Payment Against Documents (PAD) with Accounting Treatment
Payment Against Documents (PAD) is a method of payment used in international trade transactions, particularly in import-export dealings. It involves the release of payment by the importer's bank to the exporter upon presentation of specified documents related to the shipment of goods. Here's how PAD typically works:
1. Agreement:
The exporter and importer agree to use PAD as the payment method for their transaction. This agreement is usually established in the sales contract or through prior negotiations.
2. Shipment of Goods:
The exporter ships the goods to the importer as per the terms of the sales contract. The exporter prepares and gathers all the necessary shipping documents, including the commercial invoice, bill of lading, packing list, insurance certificate, and any other documents required by the sales contract or letter of credit.
3. Presentation of Documents:
The exporter presents the shipping documents to their bank, along with instructions to forward them to the importer's bank for payment. The exporter's bank reviews the documents to ensure they comply with the terms and conditions of the sales contract or letter of credit.
4. Forwarding to Importer's Bank:
Once the exporter's bank verifies the documents, they forward them to the importer's bank, along with instructions for payment.
5. Payment Authorization:
The importer's bank reviews the documents to ensure they are in order. If the documents meet the requirements, the importer's bank releases payment to the exporter's bank as per the agreed-upon terms.

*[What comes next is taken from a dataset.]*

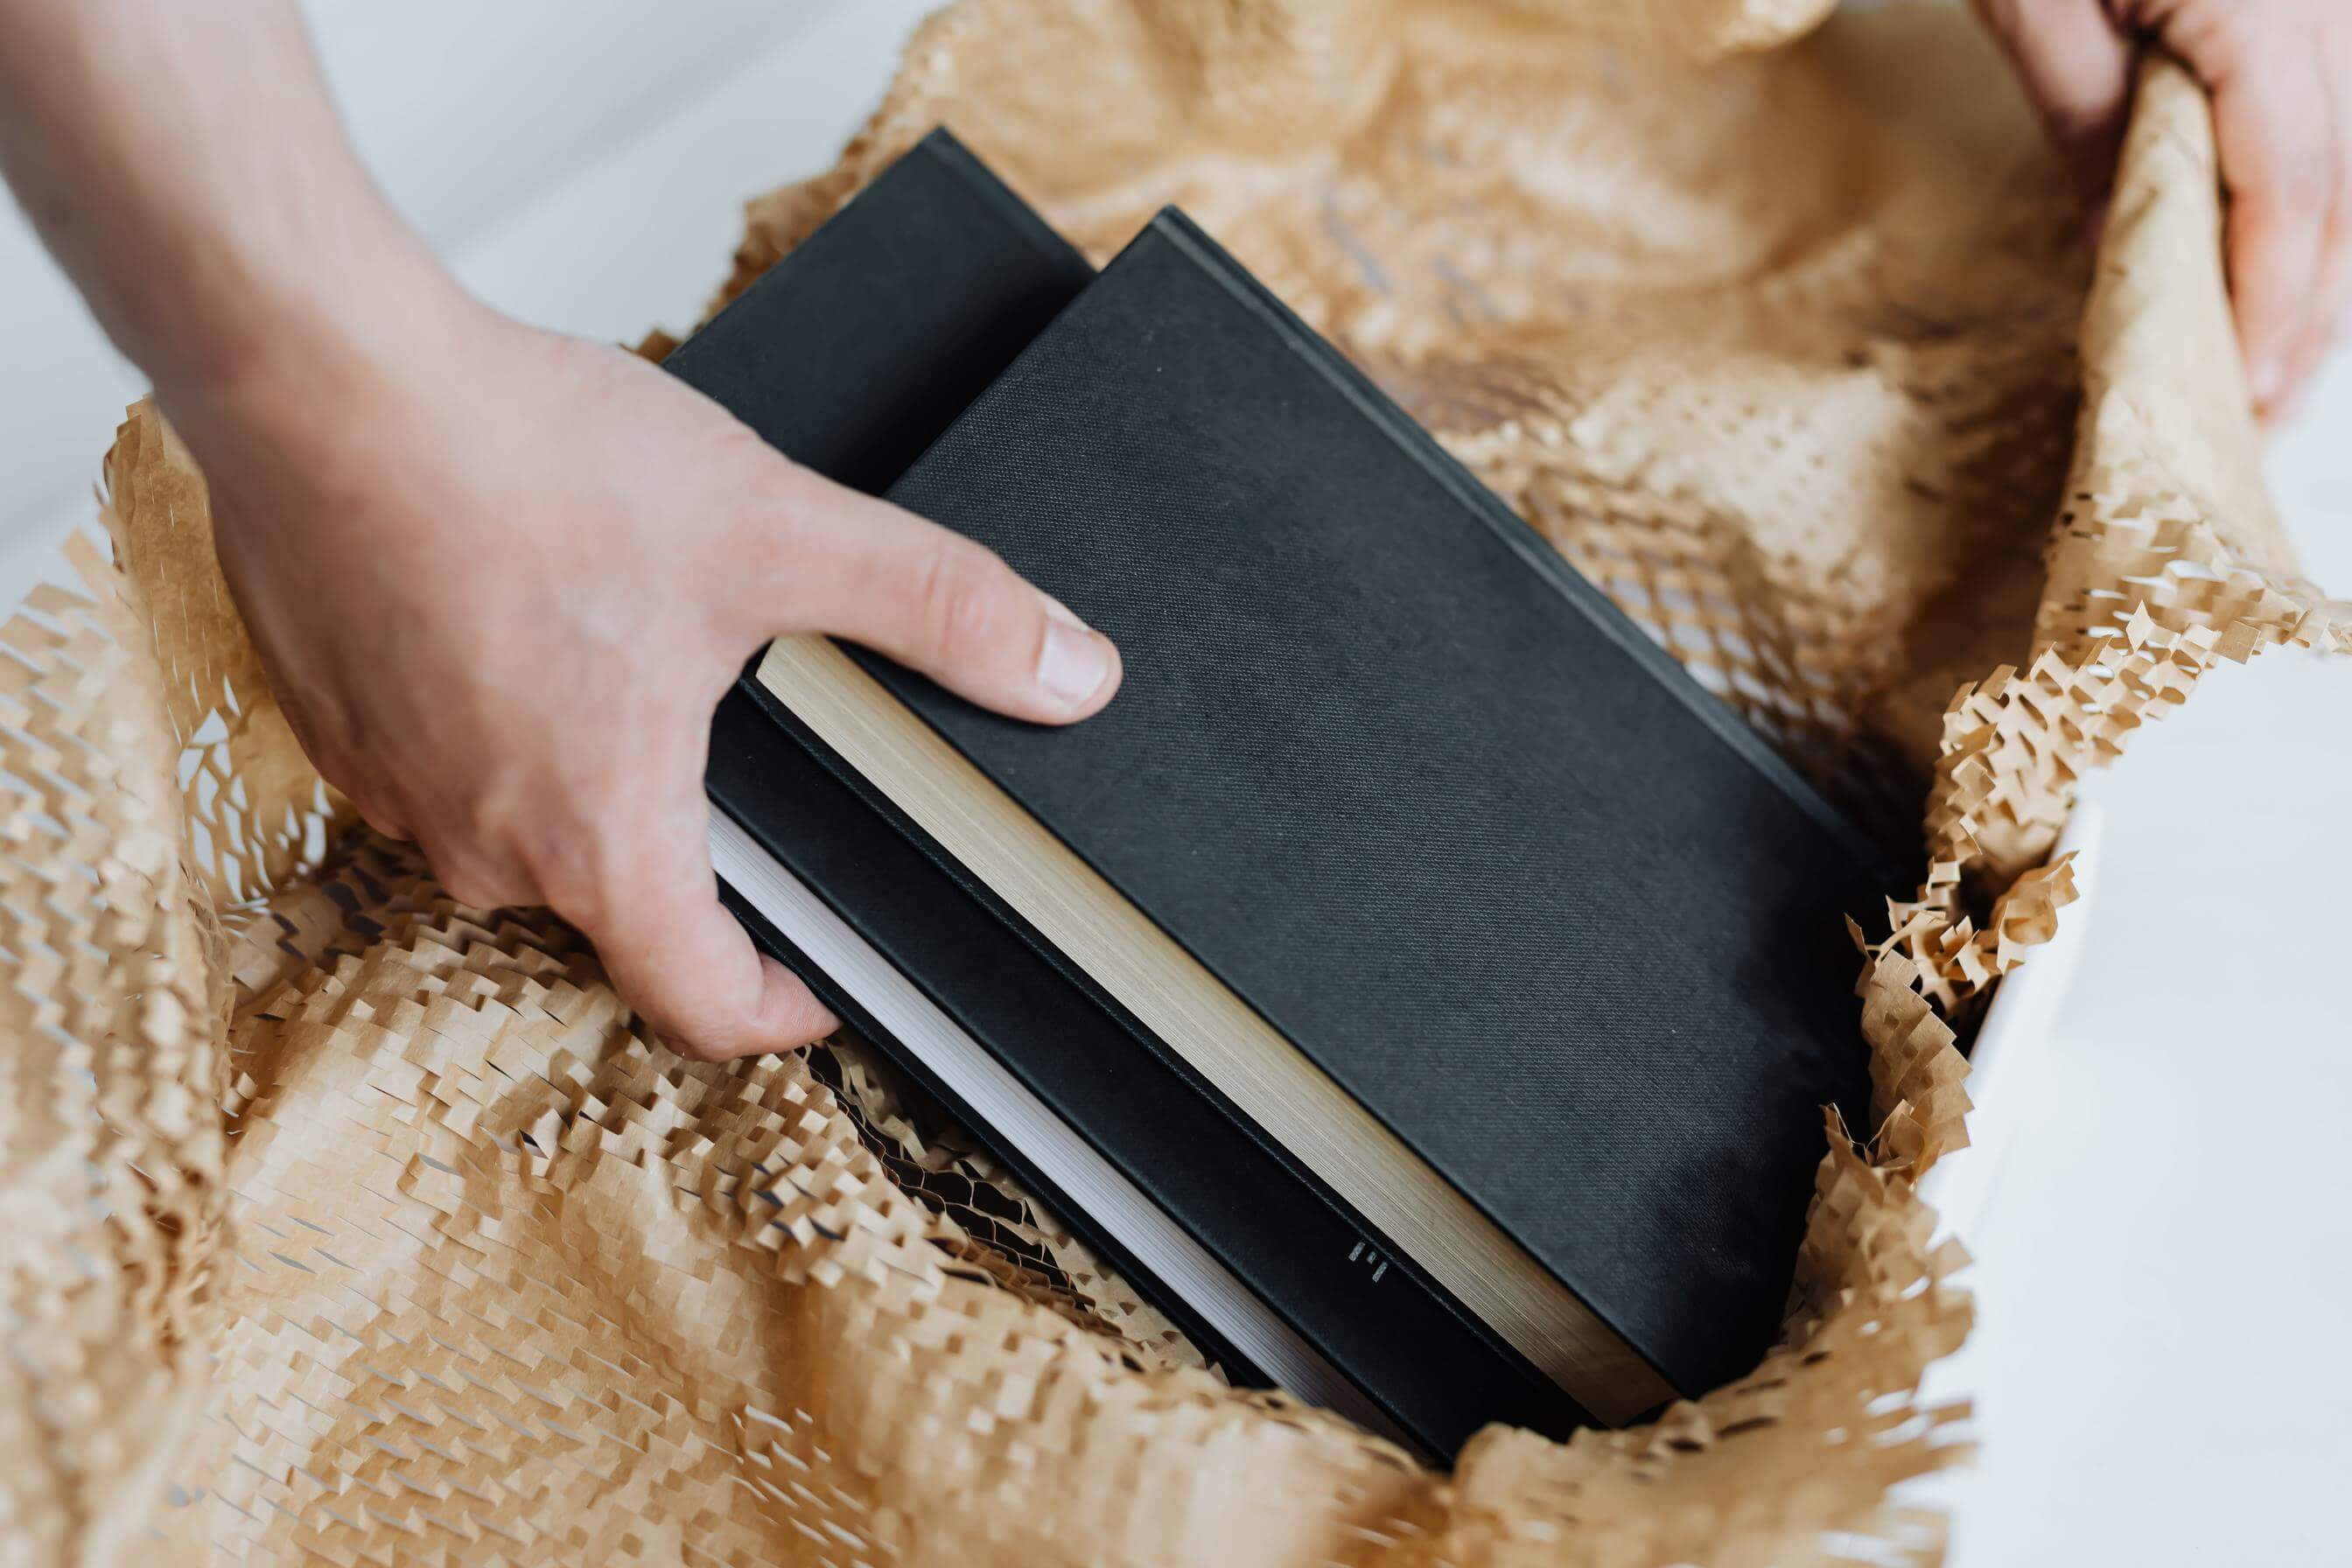 Placing books into a box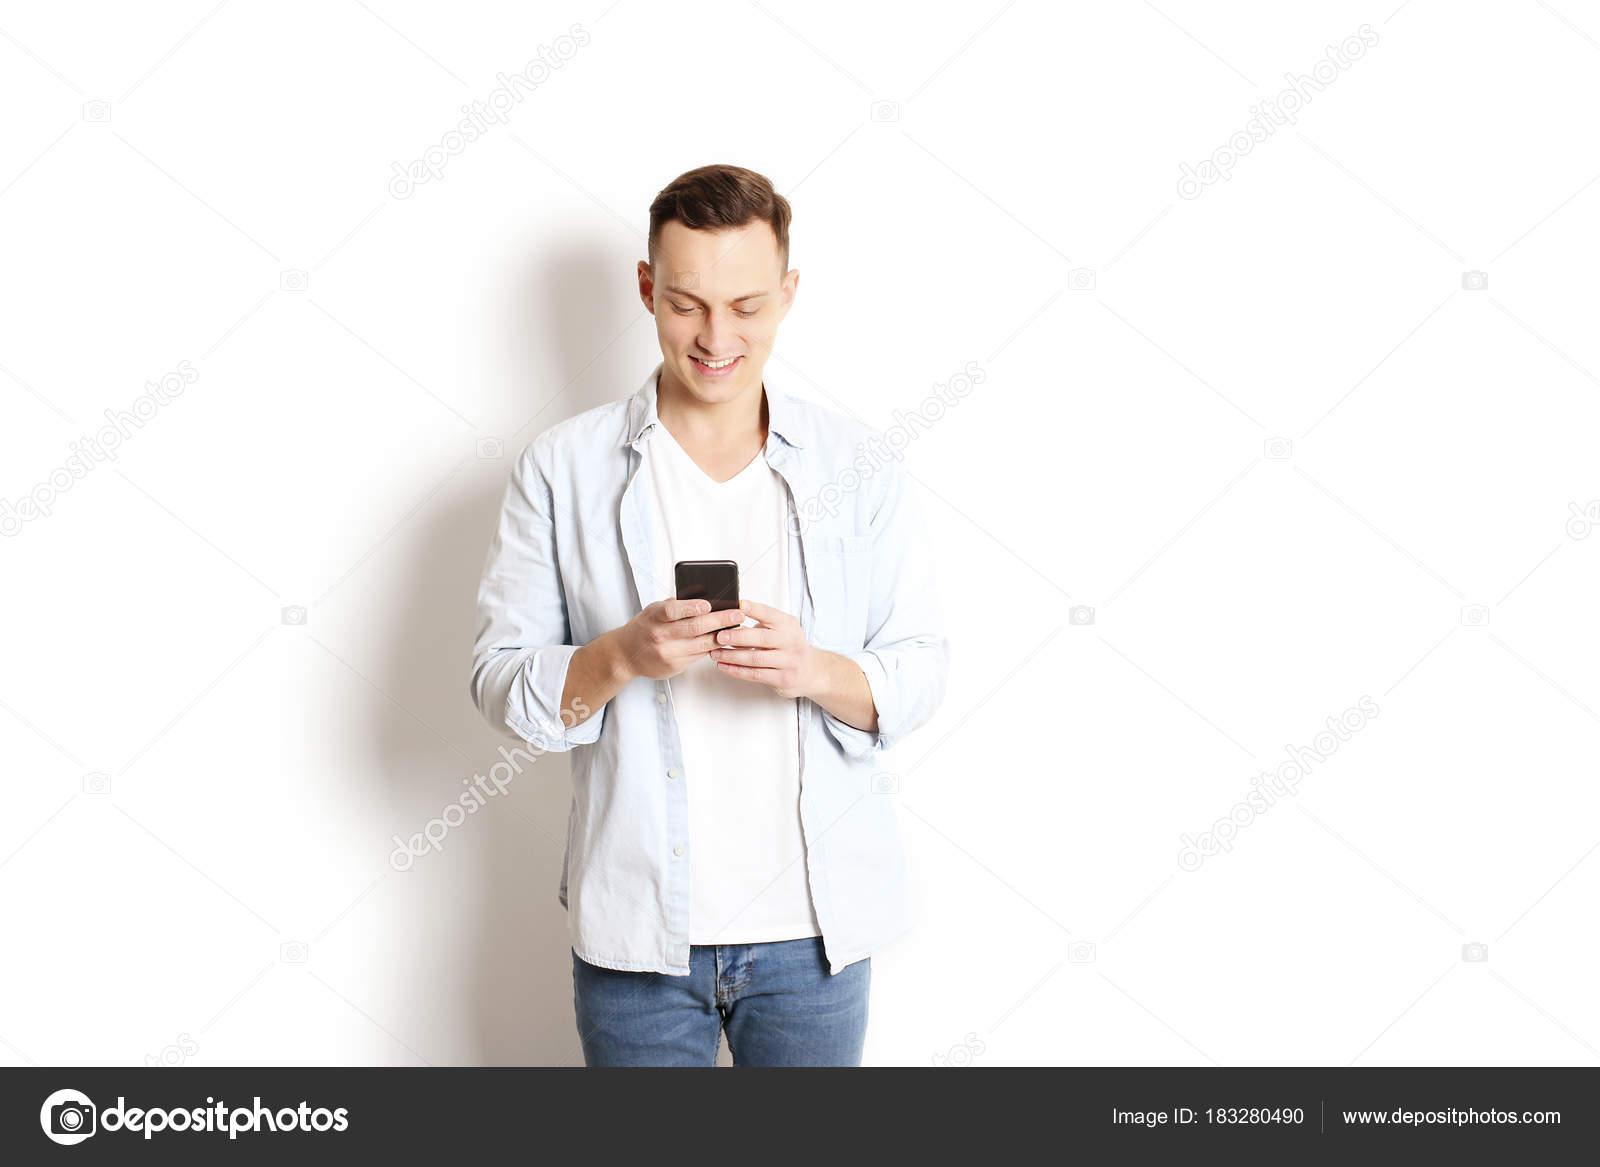 randki tekstowe 100 za darmo

6. Transfer of Documents and Release of Goods:
Upon receipt of payment or payment authorization, the exporter's bank releases the shipping documents to the importer. The importer can then use these documents to claim possession of the goods from the shipping carrier (e.g., port authority, freight forwarder).
7. Settlement:
The importer settles the payment with their bank according to the terms of their agreement, which may involve immediate payment or payment at a later date, depending on the terms of the transaction.
In Finally :
Payment Against Documents provides security and assurance to both the exporter and importer in international trade transactions. For the exporter, it ensures that they receive payment before the importer takes possession of the goods, reducing the risk of non-payment. For the importer, it provides assurance that payment is made only upon presentation of the required shipping documents, verifying that the goods have been shipped as agreed.